Reply to this message
Author: Robin Wilson
Date:  
To: Hampshire LUG Discussion List
Subject: Re: [Hampshire] Analytics packages
Hi Rob,

I'd recommend going for R. Yes, it's fairly complicated, but it is incredibly powerful and very good at dealing with large datasets. Depending on your needs, RStudio (http://rstudio.org/) may be useful as an Integrated Development Environment for R - very lightweight, but helps a lot. There are also more fully-featured GUIs available like R Commander (http://socserv.mcmaster.ca/jfox/Misc/Rcmdr/).

Hope that might help,

Robin

On 30 Oct 2011, at 12:29, Rob Malpass wrote:

> Hi all
>
> Does anyone know a good, user friendly statistics / analytics package for Linux? The trick is - it needs to be able to handle an absolutely massive dataset - 13m rows.
>
> For Uni, I have a dataset with no fewer than 13m records and I need to run a regression on it.
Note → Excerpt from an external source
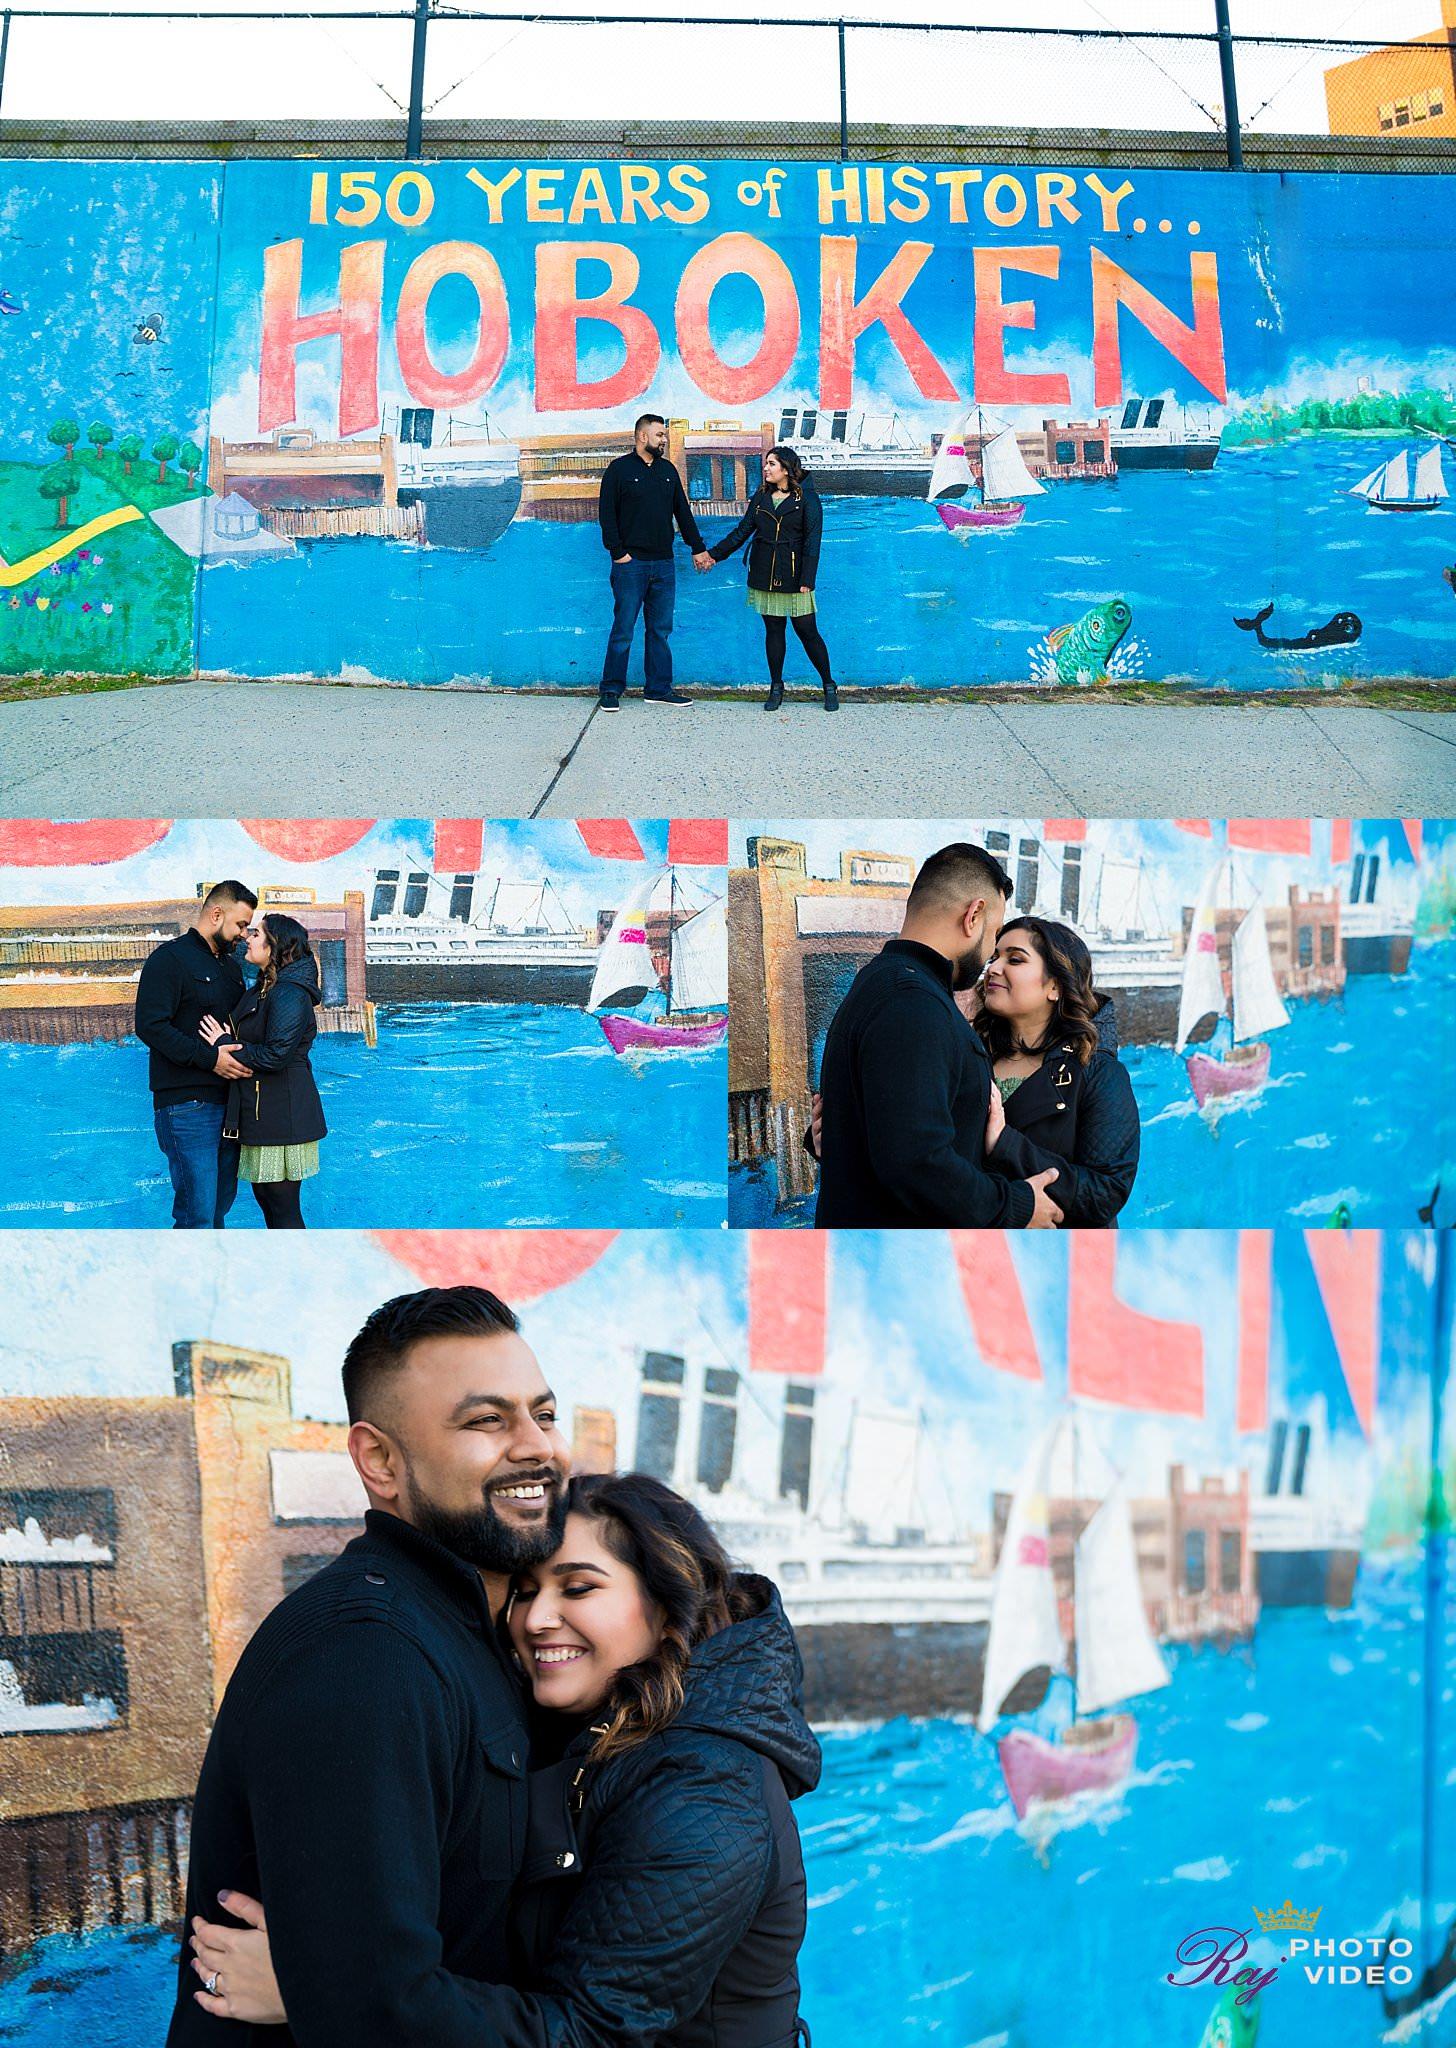 Hoboken-Pier-Engagement-Shoot-Zalak-Parag-00009_Raj_Photo_Video.jpg

In fact I probably need to run about a thousand regressions comparing results later.
>
> In theory, something like Libre could handle the individual regressions once I've split the txt file up but I don't want to get into faffing around with awk, sed, cat, head etc etc (takes ages, creates massive files and besides which the file needs splitting according to a rule which uses a field within it that at present I can't guarantee it's sorted on). I can't afford the frankly ludicrous prices charged for SAS and SPSS. I just wondered if any of you knew if there was something really good that people are using and I've missed.
> I've tried:
> "R" [1] - powerful but very clunky and a dreadful GUI
> "PSPP" [2] - still a work in progress and truly awfully formatted output. It'll get there one day but it's a mile off at the moment.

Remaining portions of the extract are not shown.